In 1994 the Supreme Council of the Ancient Accepted Scottish Rite Northern Masonic Jurisdiction adopted the Learning Center Program as its fourth Charity. The Children's Dyslexia Center is a nonprofit corporation established for the purpose of creating and operating Learning Centers throughout the 15 states within the Scottish Rite Northern Jurisdiction.


Finding new ways to defeat dyslexia.

Since 1994, hundreds of children have received free specialized instruction at the Learning Centers, enabling them to overcome the effects of dyslexia. We are pledged to continue to offer this service to as many children as we can - free of charge. In addition to serving more children through a growing number of Learning Centers, we provide guidance and funding for other means to defeat dyslexia, such as teacher tutor programs, research, and scholarships for teachers.


Growing with the help of many.

While all contributions benefit children with dyslexia, donors to the Children's Dyslexia Center can designate how they want their gifts to be used. The Children's Dyslexia Center is exempt under Section 501(c)(3) of the Internal Revenue Service and all contributions are tax deductible.

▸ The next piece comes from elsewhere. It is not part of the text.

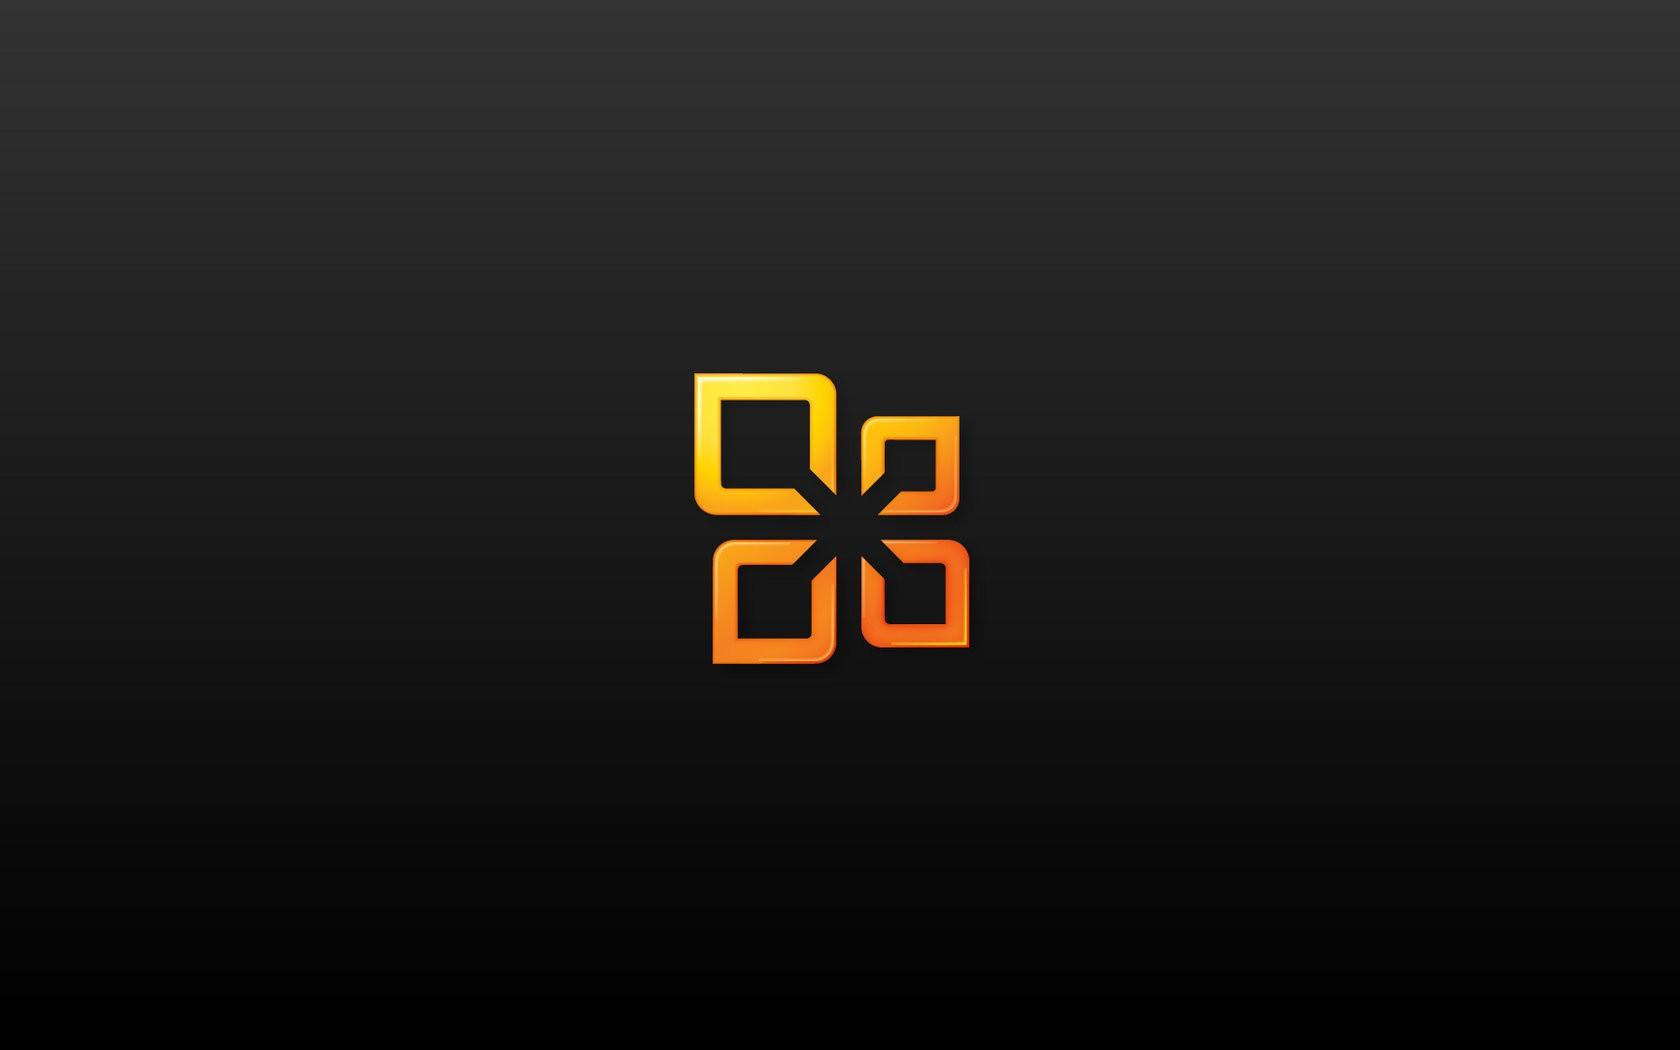 Microsoft Office Myspace Backgrounds Microsoft Office Backgrounds For 1680x1050
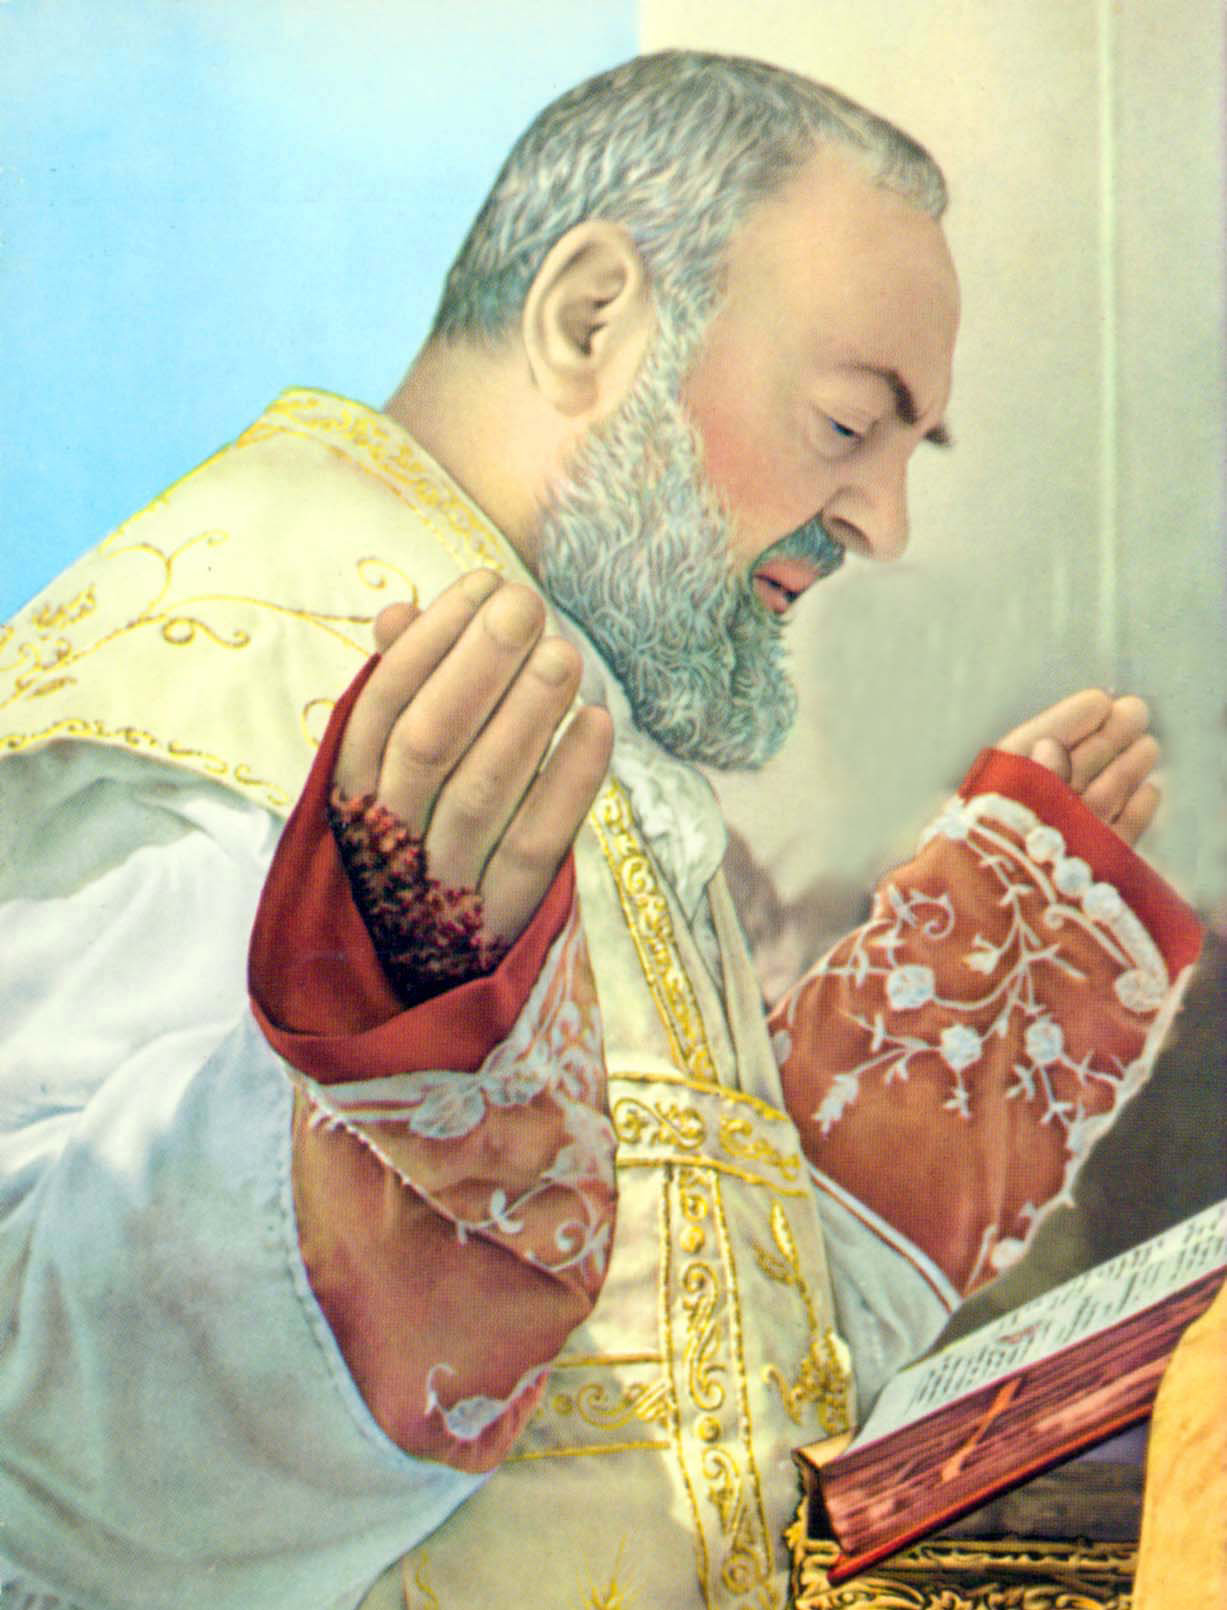 "<a href=""https://www.palmarianchurch.org/saint-pio-of-pietrelcina/"" title=""Sfîntul Pio din Pietrelcina"">Sfîntul Pio din Pietrelcina<br><br>Vedeți mai departe</a>"

Meeting the challenge of dyslexia.

A small boy sits at his desk, looking down at his open book as his classmates read aloud.  He wrinkles his forehead and squints his eyes but the letters and words he sees are jumbled, twisted, senseless. He grips the book tighter, holds his breath and makes a silent wish that the teacher will not call on him...  This child has dyslexia, a common learning disability. He needs help to overcome it before it sets him back emotionally as well as educationally. Where will he get the help he needs?


Mary had a little lamb. These familiar lines are easy to read and fun for most school-aged children. But for a child with dyslexia, reading brings nothing but frustration.  Here's the same passage as seen through the eyes of a child with dyslexia:  Mar gha dal it tie lamd.


With letters flipped and words broken in the wrong places, the passage is simply impossible to read. It's easy to see why a child with dyslexia loses interest in reading, writing and other academics. Without specialized help, these children face serious stumbling blocks throughout their school years and beyond. Techniques that use a variety of senses - such as drawing letter shapes in a sand tray - give children alternative ways to learn. The Children's Dyslexia Center has been created specifically for the purpose of providing free specialized training and tutoring to children with dyslexia. It is the aim of the Learning Centers to equip these children with the skills and confidence they need to approach learning with eagerness and without fear.